Could SLURM trigger a script(implemented by the fr

2019-05-15 17:18发布

问题:

As we know SLURM can sent a e-mail when a job is completed.

In addition to that, similar to mailing mechanism when job is completed:

[Q] Could SLURM trigger a script(implemented by the frontend-SLURM user) when any job is completed?

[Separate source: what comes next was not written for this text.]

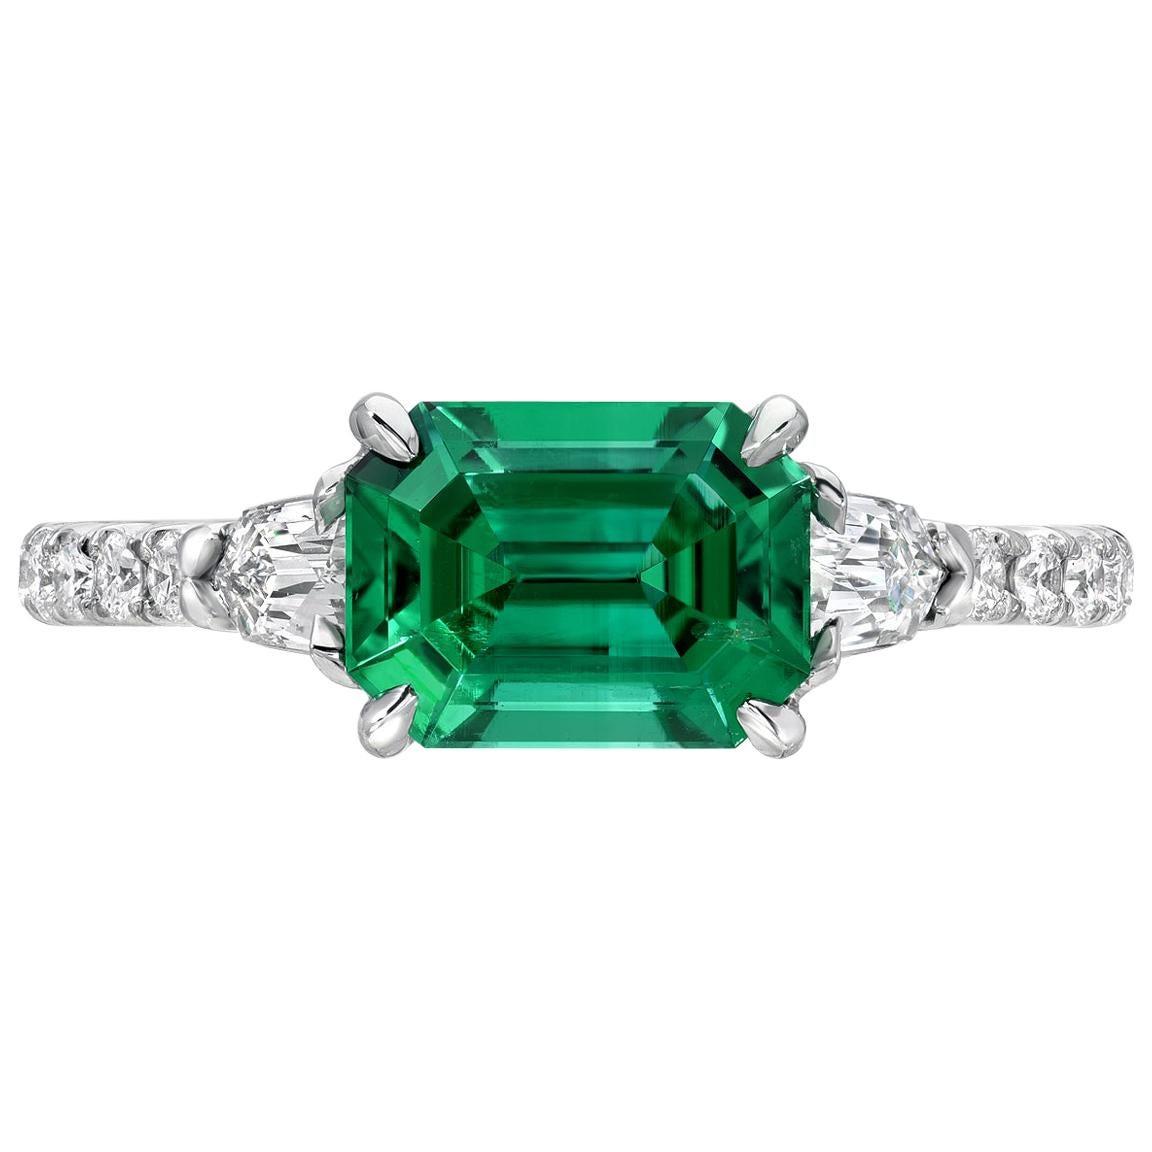 Untreated Emerald Ring 1.47 Carat No Oil AGL Certified Panjshir Afghanistan

Example solution: This would force me to have while() to check and wait is the submitted job is completed. This might eat additional CPU usage.

jobID=$(sbatch -U user -N1 run.sh | cut -d " " -f4-);
job_state=$(sacct -j $jobID --format=state  | tail -n1 | head -n1)
while [ $job_state != $completed ]
do
    job_state=$(sacct -j $jobID --format=state  | tail -n1 | head -n1)
done
my_script.sh//When any job completed I want SLURM to trigger my_script.sh if possible.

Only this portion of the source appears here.